Š The Editor(s) (if applicable) and The Author(s), under exclusive license to Springer Nature Switzerland AG, part of Springer Nature 2019
Hanna LempinenArctic Energy and Social Sustainabilityhttps://doi.org/10.1007/978-3-030-02269-3_1
Begin Abstract

1. Introduction: Energy and the North

Hanna Lempinen1
(1)
Aleksanteri Institute, University of Helsinki, Helsinki, Finland
Hanna Lempinen

Abstract

In political, popular, and scholarly debates, the Arctic is often framed as the world’s new energy province; increasing consumption, dwindling reserves, warming climate, and developing technologies are expected to push energy-related activities further into the previously inaccessible North. In this chapter, Lempinen takes a critical look at this narrative, pointing out uncertainties related to future prospects of large-scale energy development in the region. Drawing attention to the problematic ways in which energy and its social sustainability are addressed (energy being the production of oil and gas, and its social sustainability remaining either sidelined or reduced to socioeconomic concerns), the author argues for the dire need to critically investigate the political and scientific “truths” that are being produced about energy and its social dimension in the circumpolar North.

Keywords

ArcticEnergySocial sustainabilitySustainability science
End Abstract
Equally in political, popular, and academic debates, the Arctic has become a buzzword during the last decade: The global significance of the region has become all but synonymous with its vast oil and gas reserves (USGS 2009; Kristoferssen and Langhelle 2017, 31; Keil 2017, 282).
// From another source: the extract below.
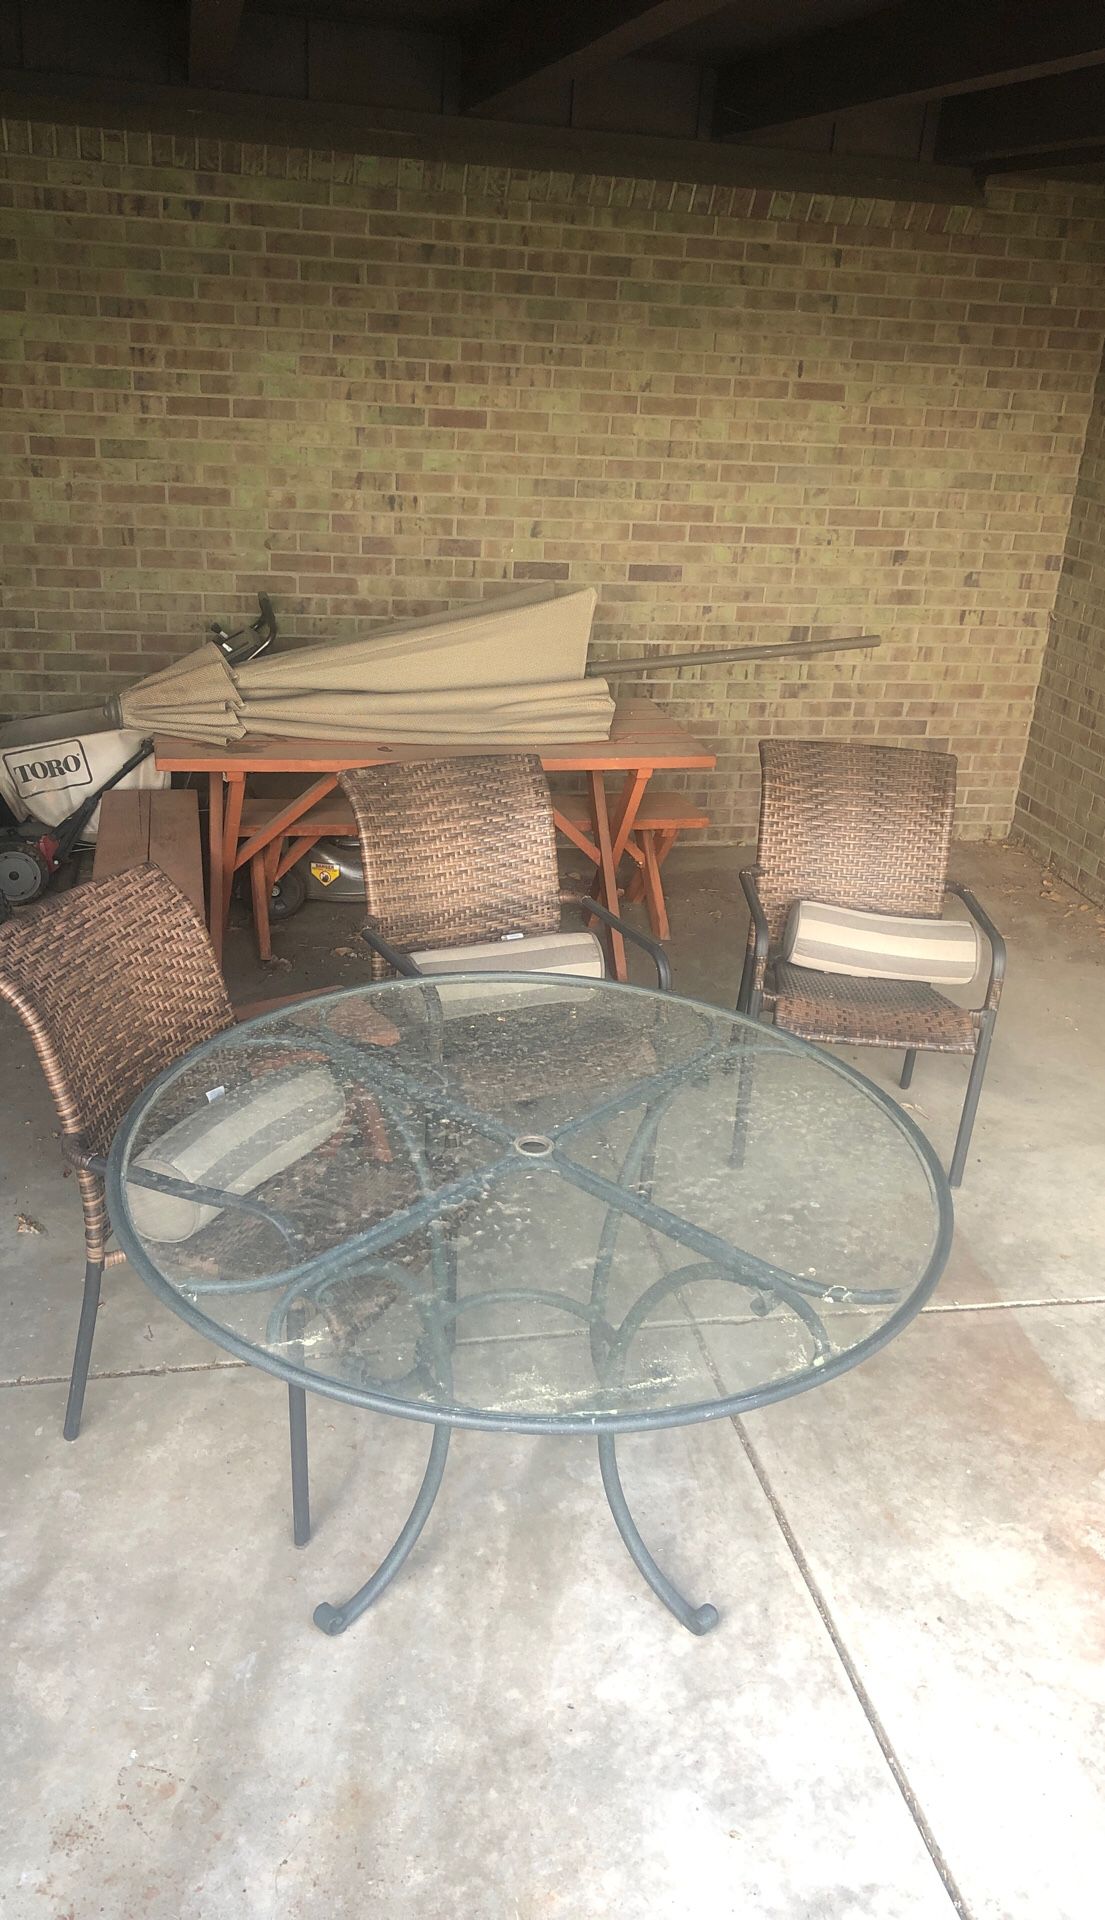 Patio set with umbrella and stand.
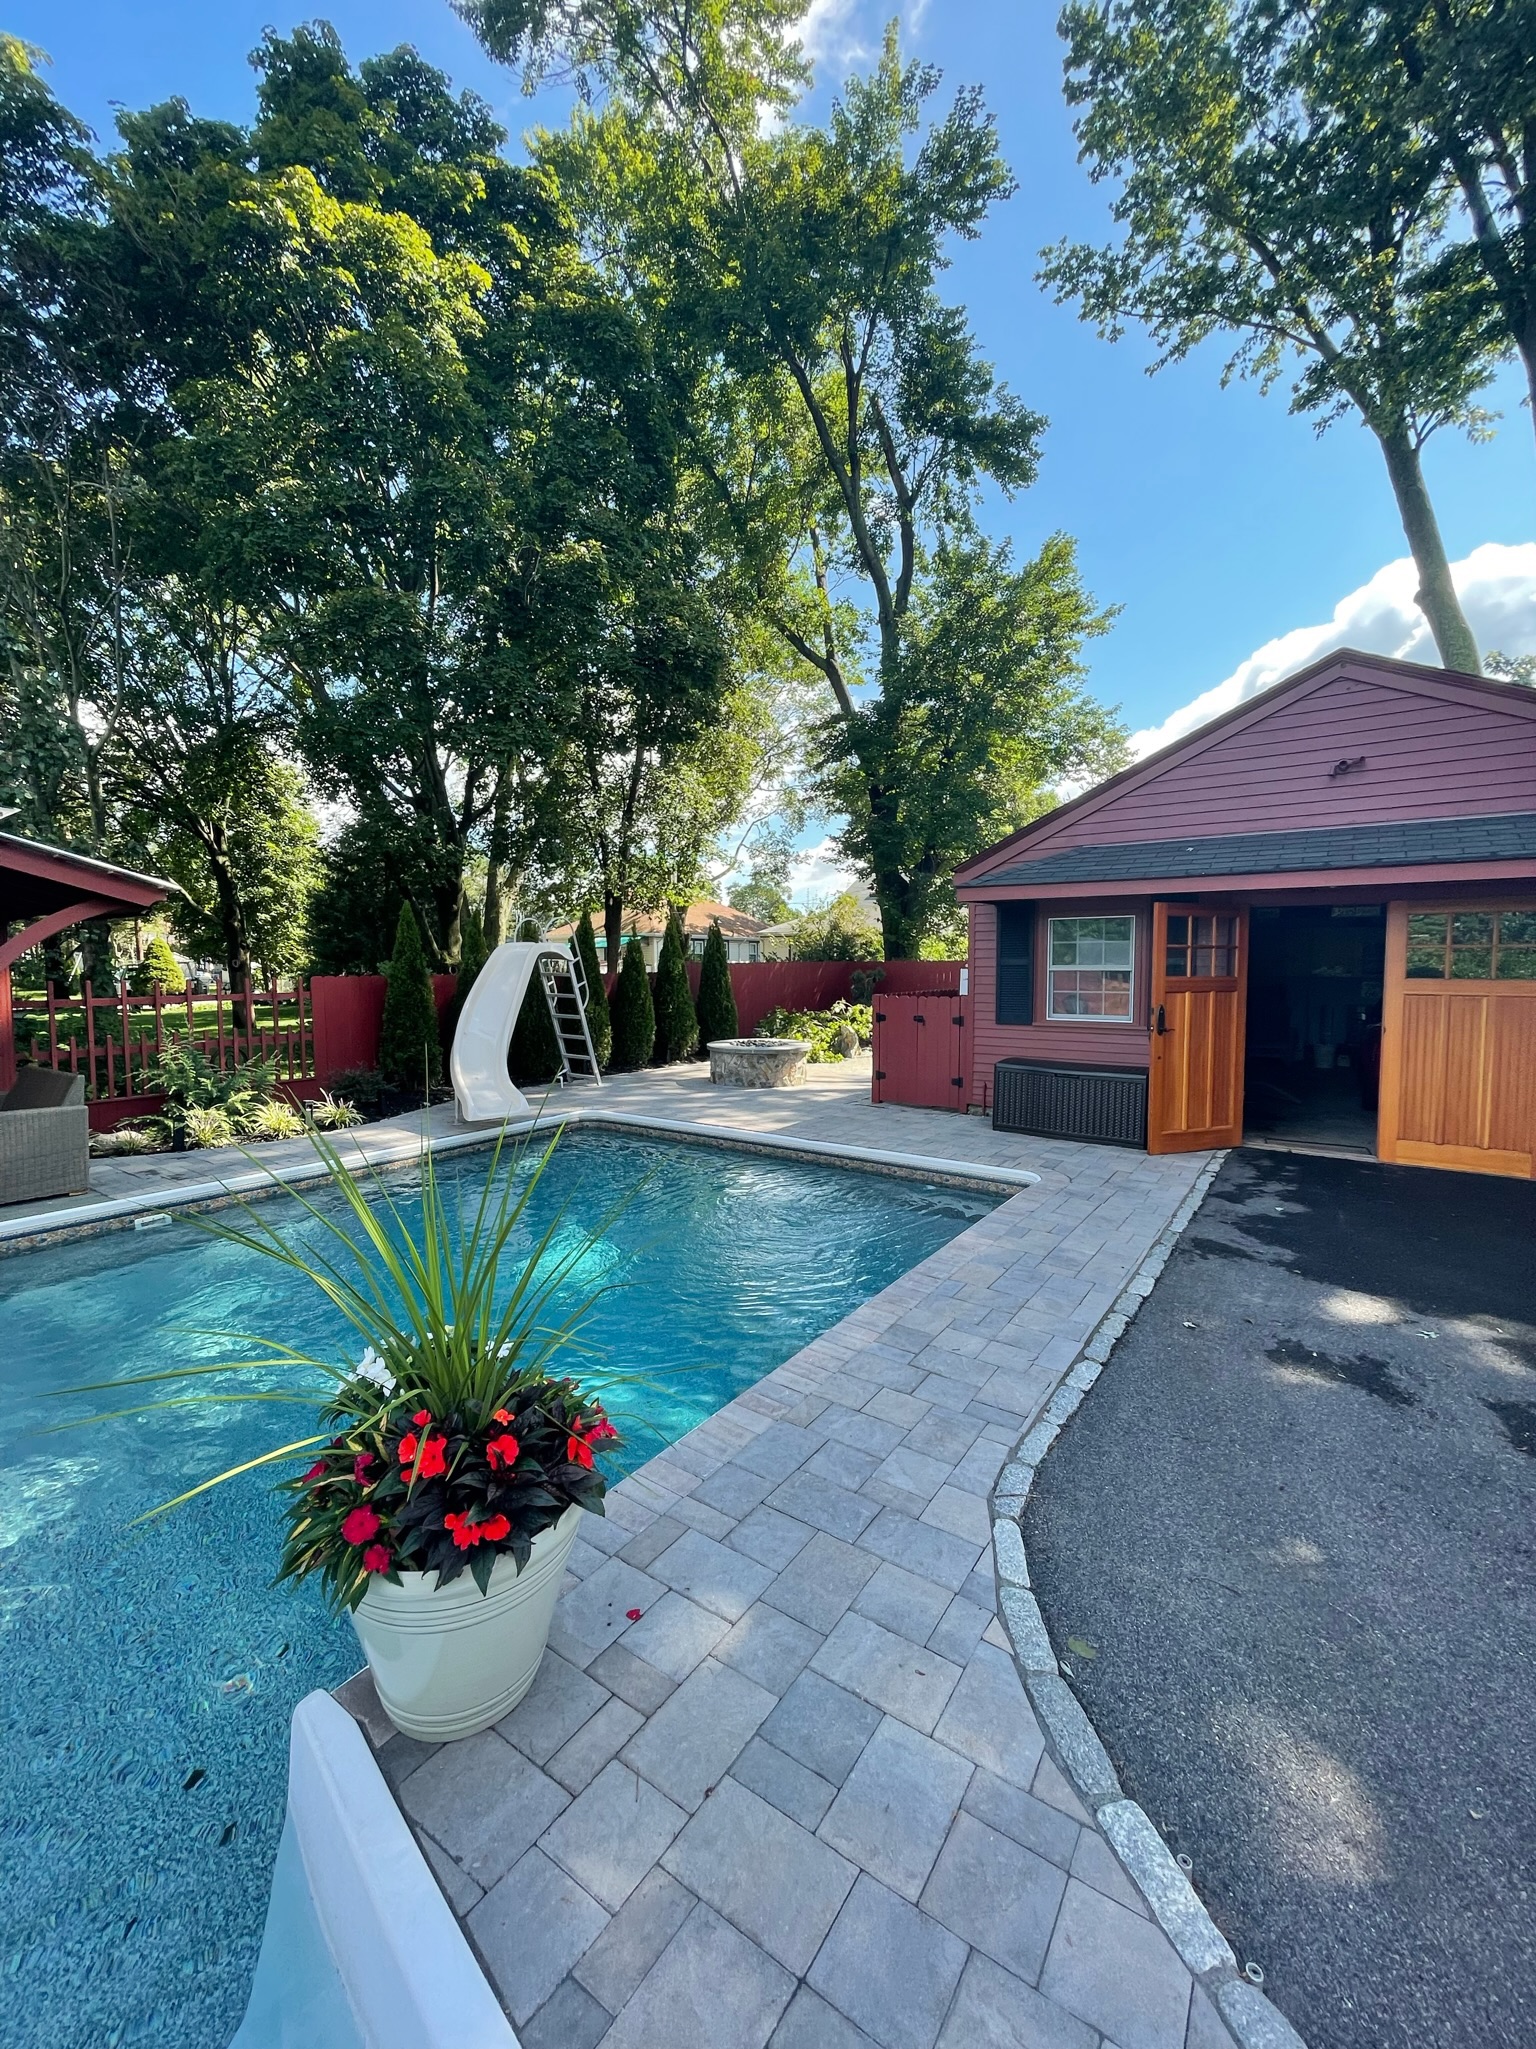 House and pool with stone paver walkway

This heightened interest in the world’s “new energy province ” (Koivurova 2017, 2) and the “last frontier” of global energy production (Nuttall 2010, 32) is often pictured as having taken shape and place in the interplay of various overlapping and interconnected developments.
Most important, the projected growth of global energy consumption plays a role in the puzzle: Worldwide energy demand is still expected to increase by 30% by the year 2040. Despite the rapidly increasing share of renewable energy sources, most of this growth has been and is still expected to be reliant on fossil fuels (IEA 2017, 1; 2018, 1). At the same time, concerns over the availability of reliable and affordable energy supplies have intensified. On the one hand, reserves at existing production sites have been estimated to be gradually dwindling (Owen et al. 2010; Di Muzio and Salah Ovadia 2016, 2). On the other hand, political instabilities and related delivery disruptions have contributed to increased anxiety over the impact that political events might have on securing uninterrupted energy supplies (Liuhto 2009; Paillard 2010). In addition, the changing climate has had a role to play: The retreating sea in the Arctic region has been expected to make previously inaccessible areas better available for energy extraction and transportation activities (Mikkola and Käpylä 2014, 16; Loe and Kelman 2016, 25). Combined with evolving production and transportation technologies (Nuttall 2010, 9−13), all of these developments have been seen as pushing energy -related activities further and further toward the previously inaccessible North (Fig. 1.1).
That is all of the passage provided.